═════ The data ═════
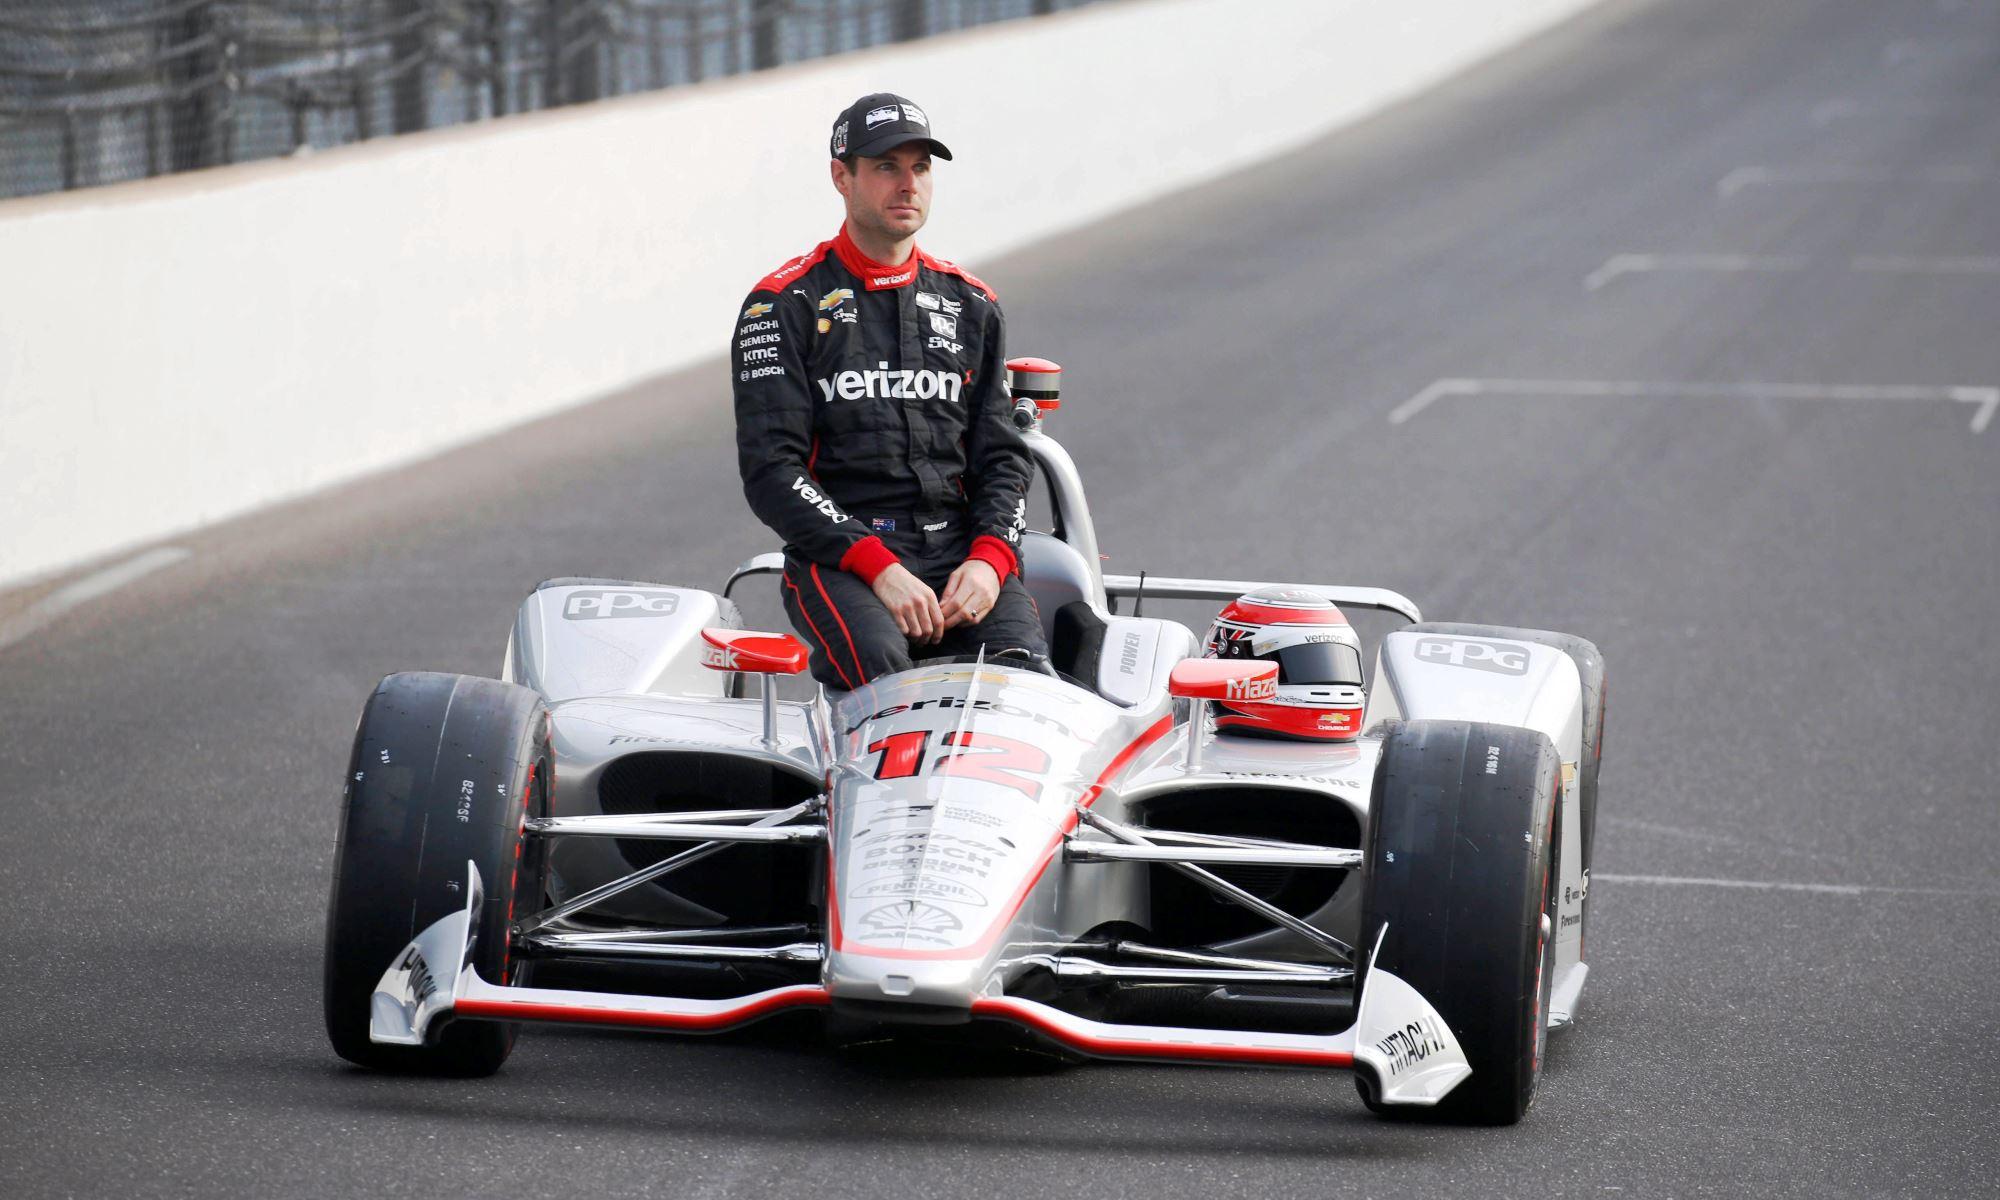 Indy 500 winner Will Power
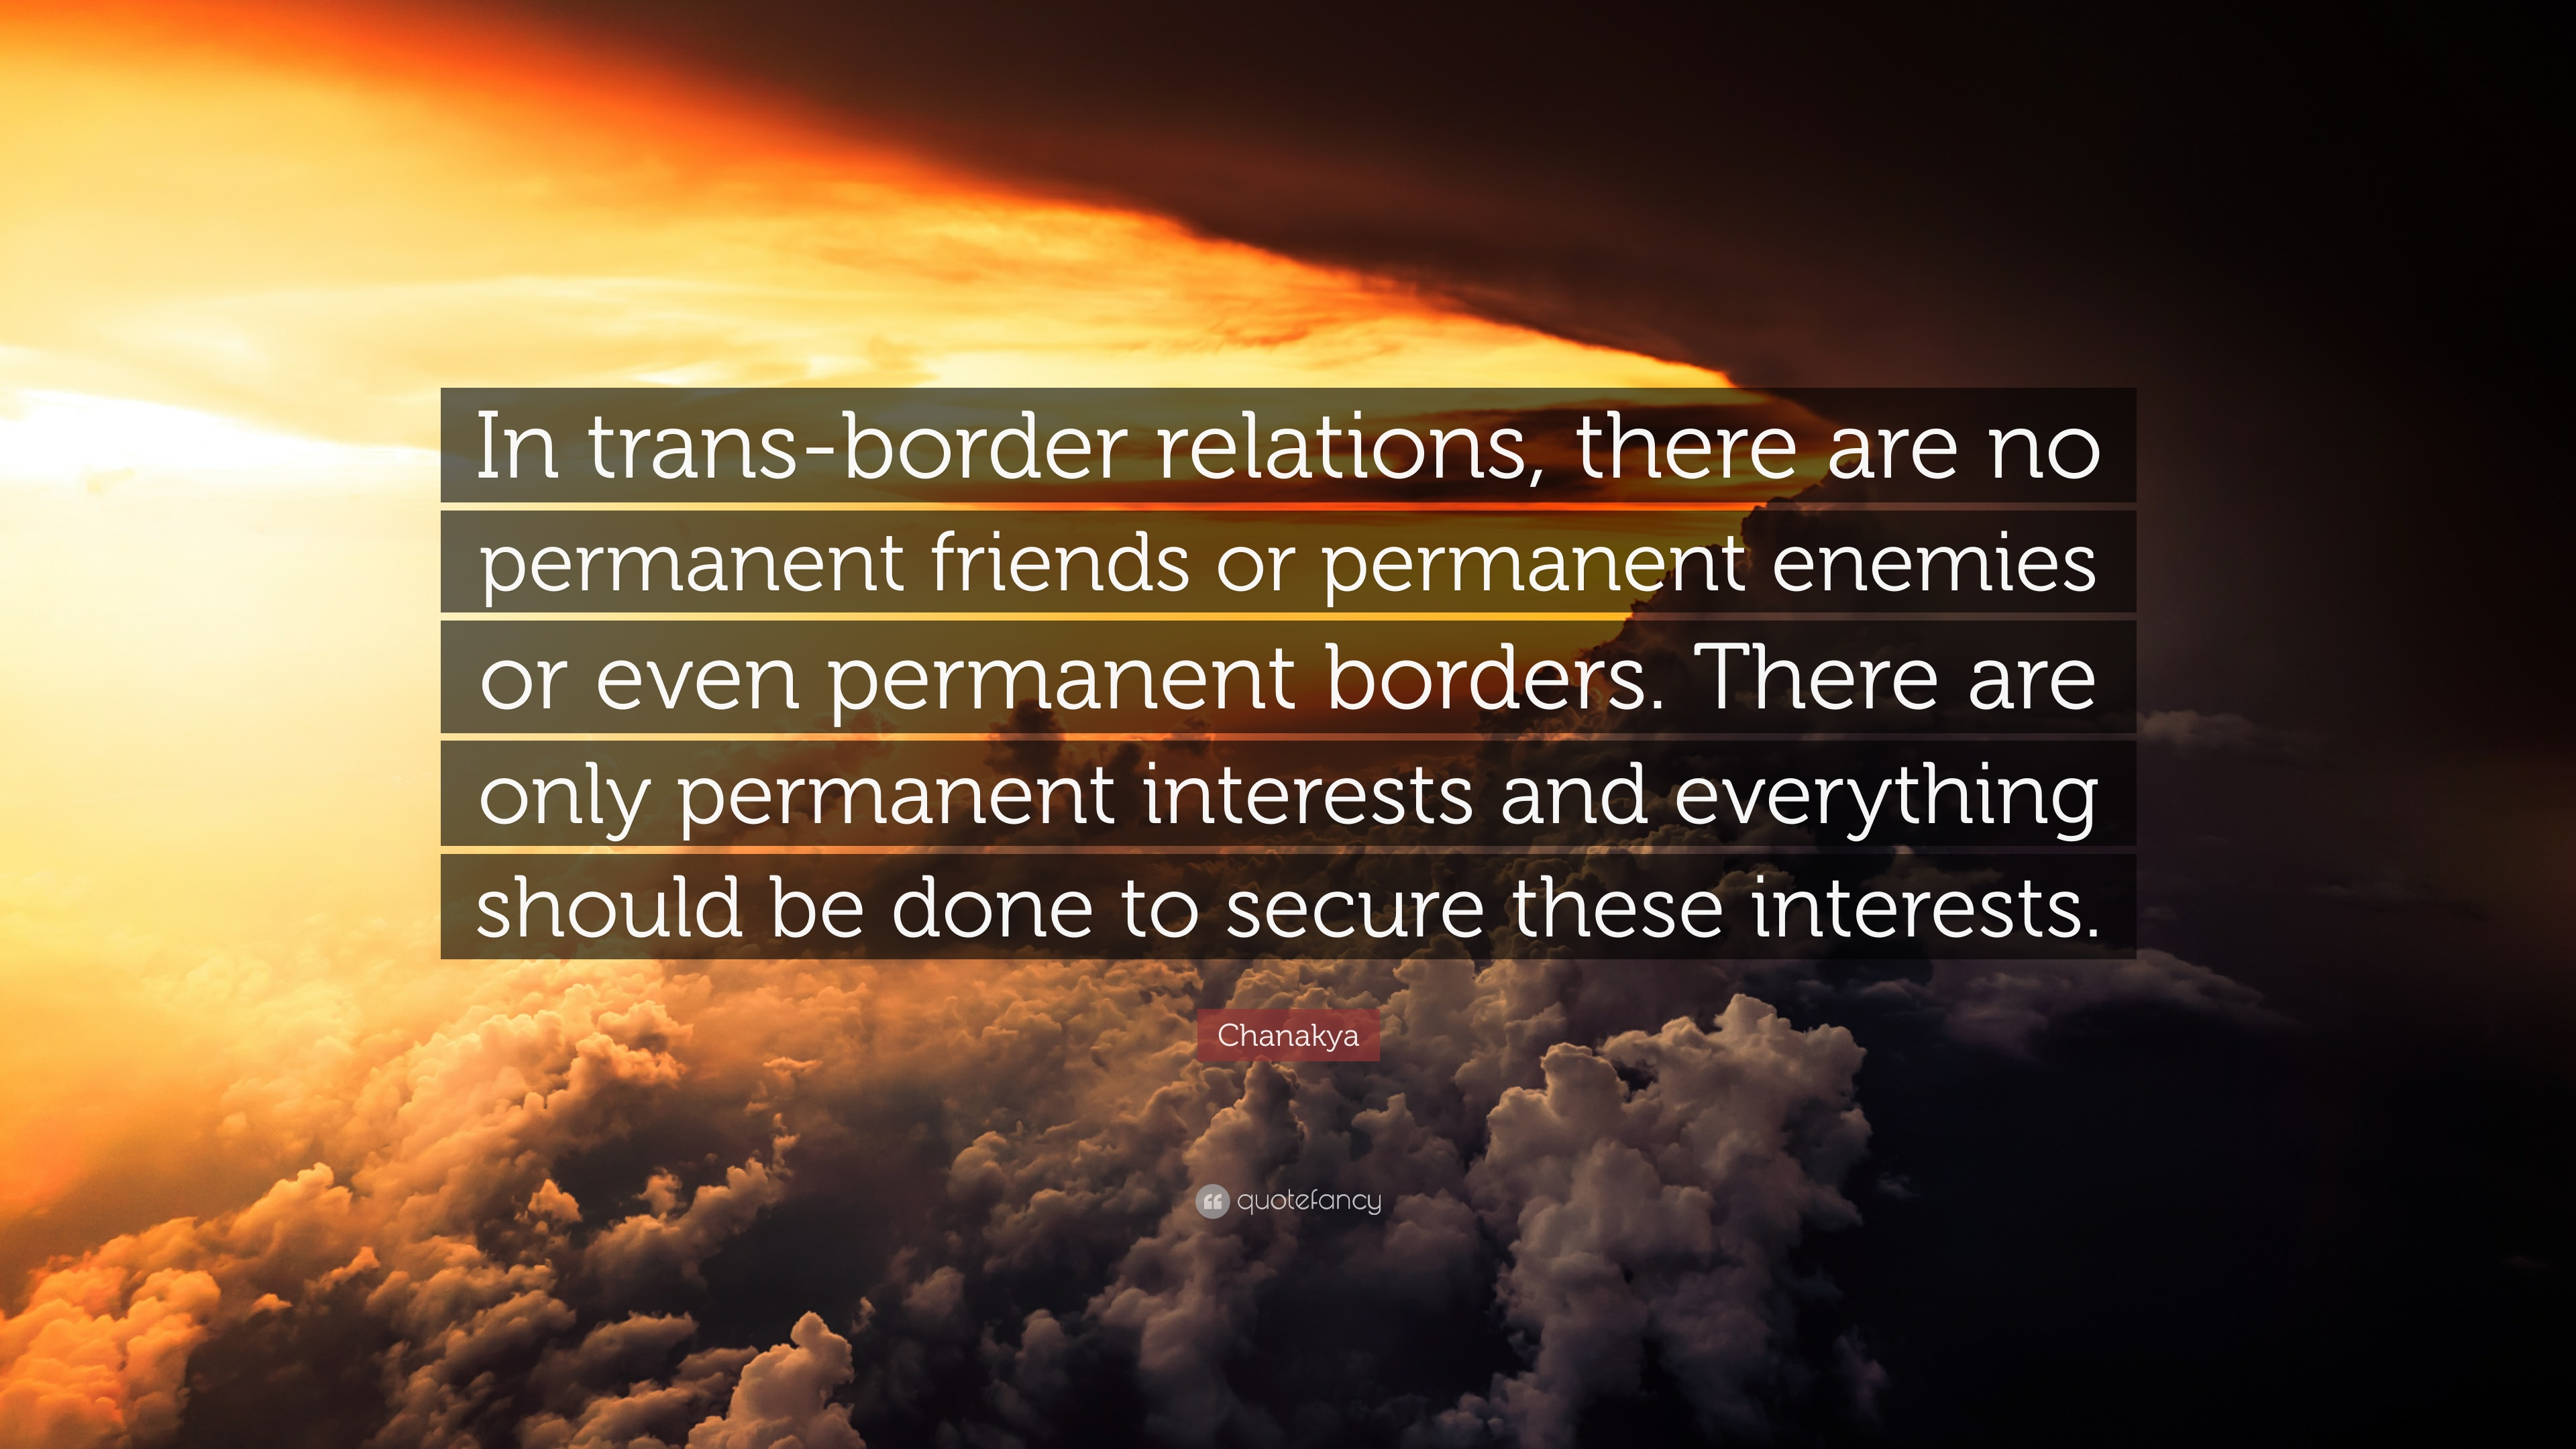 chanakya quote   u201cin trans
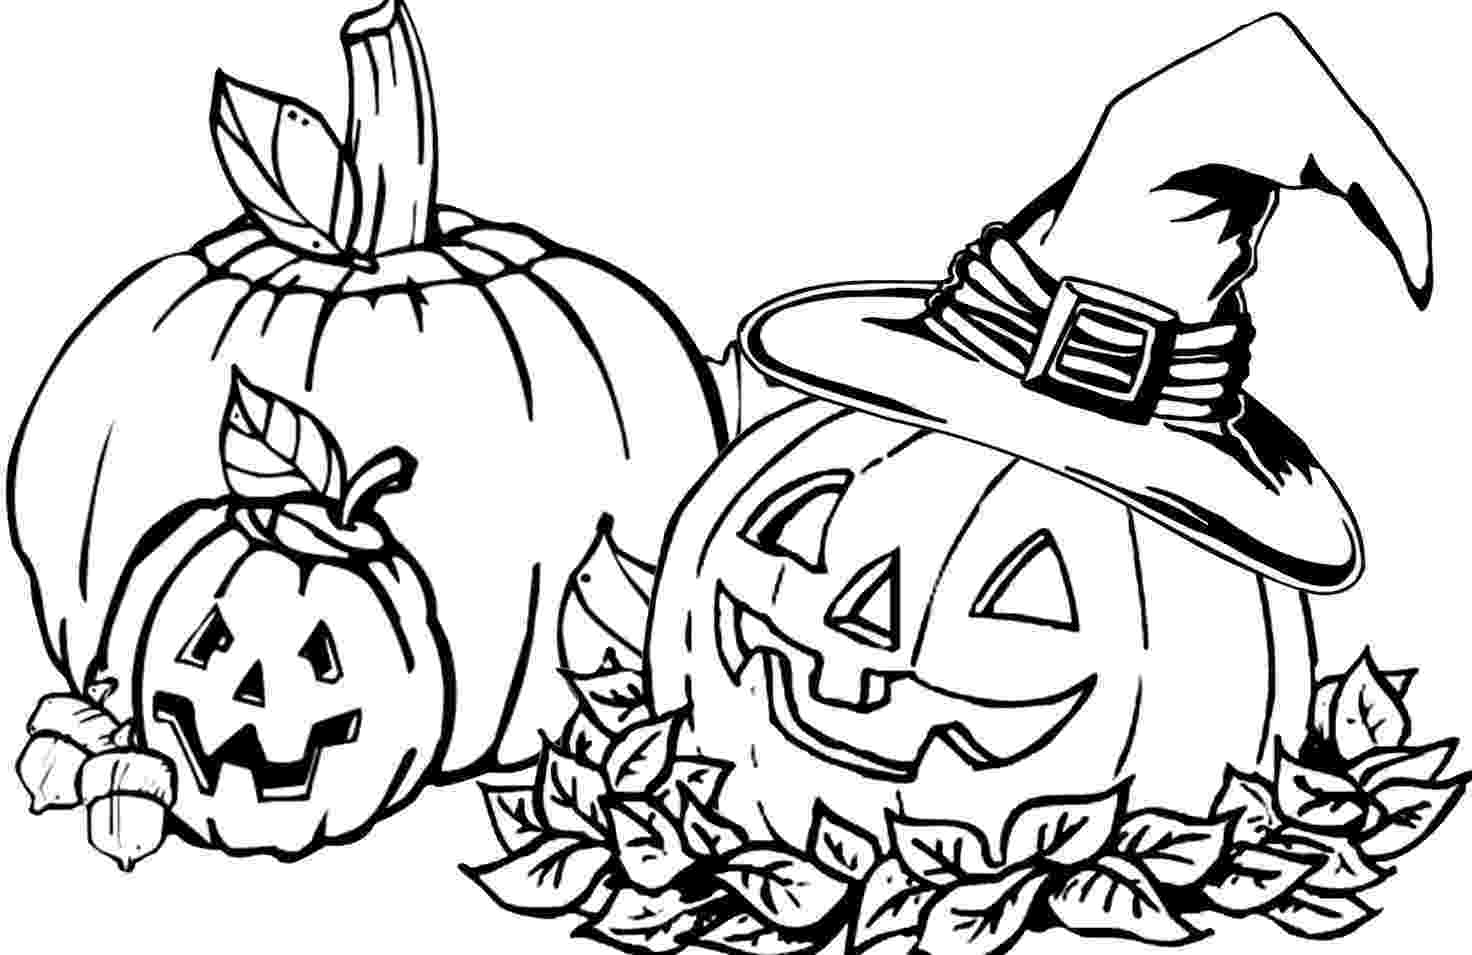 pumpkin colouring sheet learn and grow designs website how to draw a pumpkin pumpkin sheet colouring
═════
* _Action item_: Give back the listing unchanged. Strip out the pictures.

* _Answer to the exercise_:
 Indy 500 winner Will Power
 chanakya quote   u201cin trans
 pumpkin colouring sheet learn and grow designs website how to draw a pumpkin pumpkin sheet colouring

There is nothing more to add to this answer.